Dear Abby | Friend working three jobs envies man on easy street
Dear Abby: I am having issues with a friend who gets handed most everything he wants. I had to grow up when I was very young, pay my own way for things and take care of myself. I work three jobs to pay my rent in a house with four other people while still pursuing my passion.
This friend is unemployed. He lives in an apartment his parents pay for and goes on frequent road trips. I have reached a point where I have become seriously envious, and I’m not sure how to stop feeling frustrated that he has an easier life than I do.
I care about our friendship, but it’s physically painful sometimes when he talks about these luxuries that I can’t afford. Should I cut off the relationship? Is this something I should talk about with him or something I need to work on myself? – Envious in New York
Dear Envious: Why not do both?
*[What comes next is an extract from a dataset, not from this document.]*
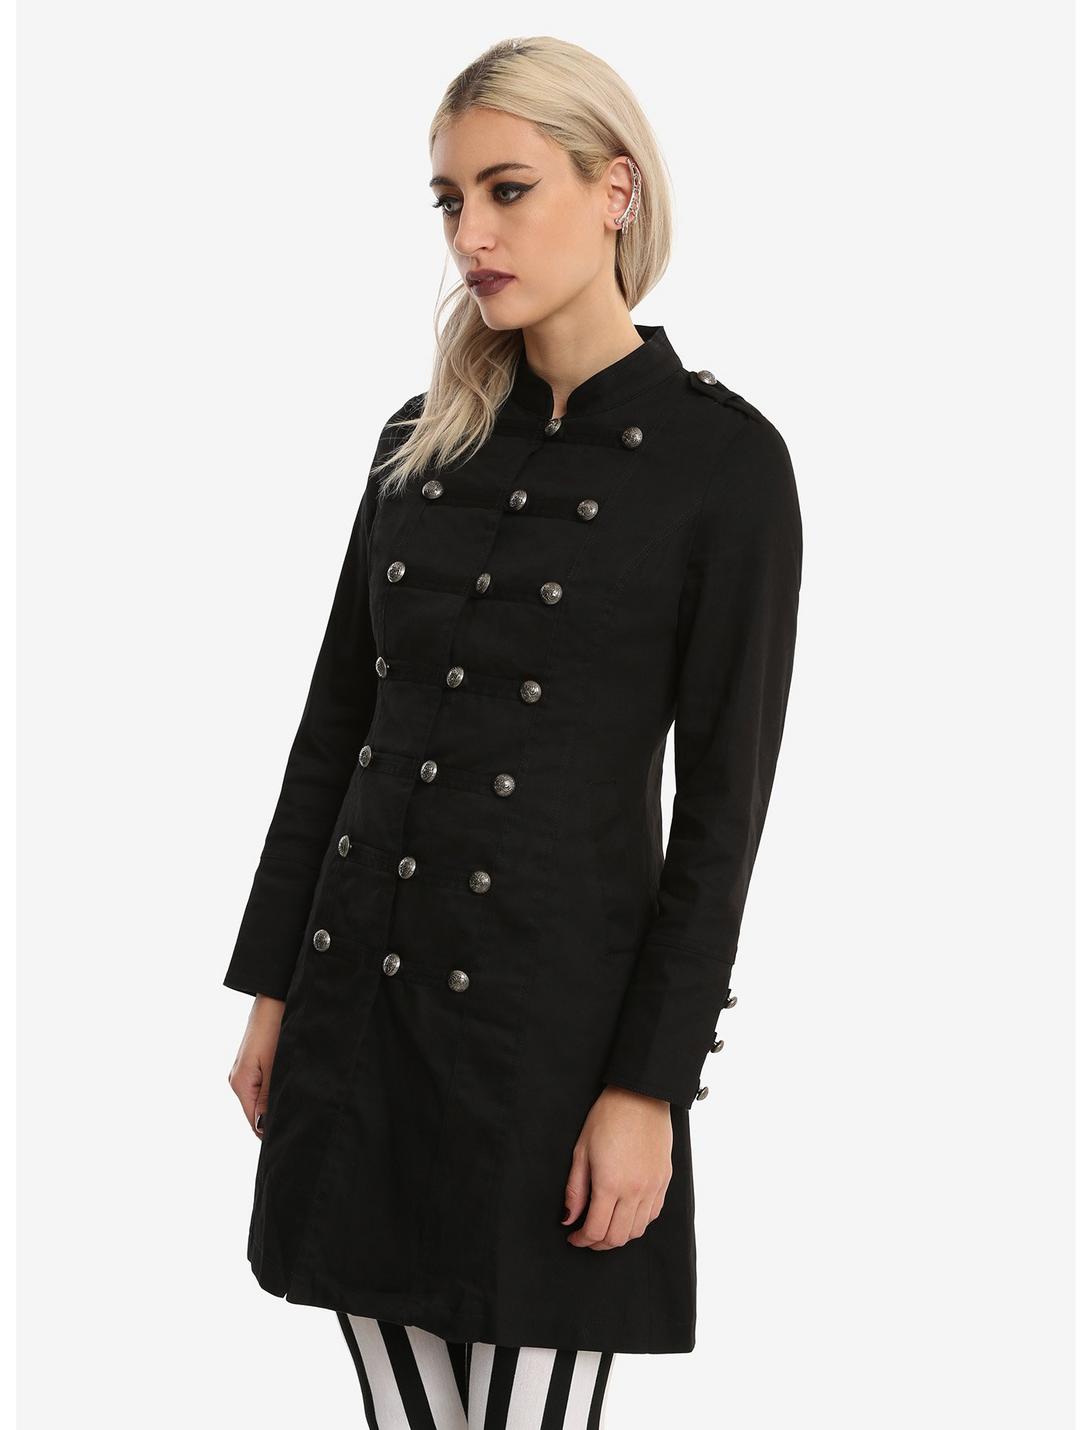 Black Button-Front Military Girls A-Line Jacket, BLACK, hi-res

Tell him how his going on and on about his “luxuries” makes you feel. If that doesn’t increase his sensitivity to the disparity in your situations, you have my permission to end the relationship.
From my perspective, if I had to say which of you is richer, it is you. Step back and you will recognize you have nothing to be jealous about, and you’ll be able to change your thinking.
Dear Abby: I have a friend I’ll call Layla. Her best friend, “Matt,” raped her. She doesn’t want to tell anyone, but I think she needs to. She told me Matt has done it multiple times. I love her, and I don’t want it to keep happening because she’s an amazing person.
Her life isn’t going well, either. Her mom has stage 4 colon cancer and is in her final year. Her stepdad isn’t the best person, and Layla has a disease herself. I’m really worried about her. What should I do? – Standing By in Oregon
Dear Standing By: You should be worried. Encourage Layla to contact the Rape, Abuse and Incest National Network (rainn.org or 800-656-4673) and tell someone there what has been happening. Offer to be with her for emotional support when she does it. Matt is a predator, and for the sake of her own mental health she must no longer allow herself to be victimized.
With the amount of stress that your friend is under, it is not surprising that she’s ill. Stress can weaken the immune system. If she’s being treated by a doctor for her illness, her doctor should be made aware of everything that’s going on. She may be more inclined to reveal it if you accompany her to an appointment.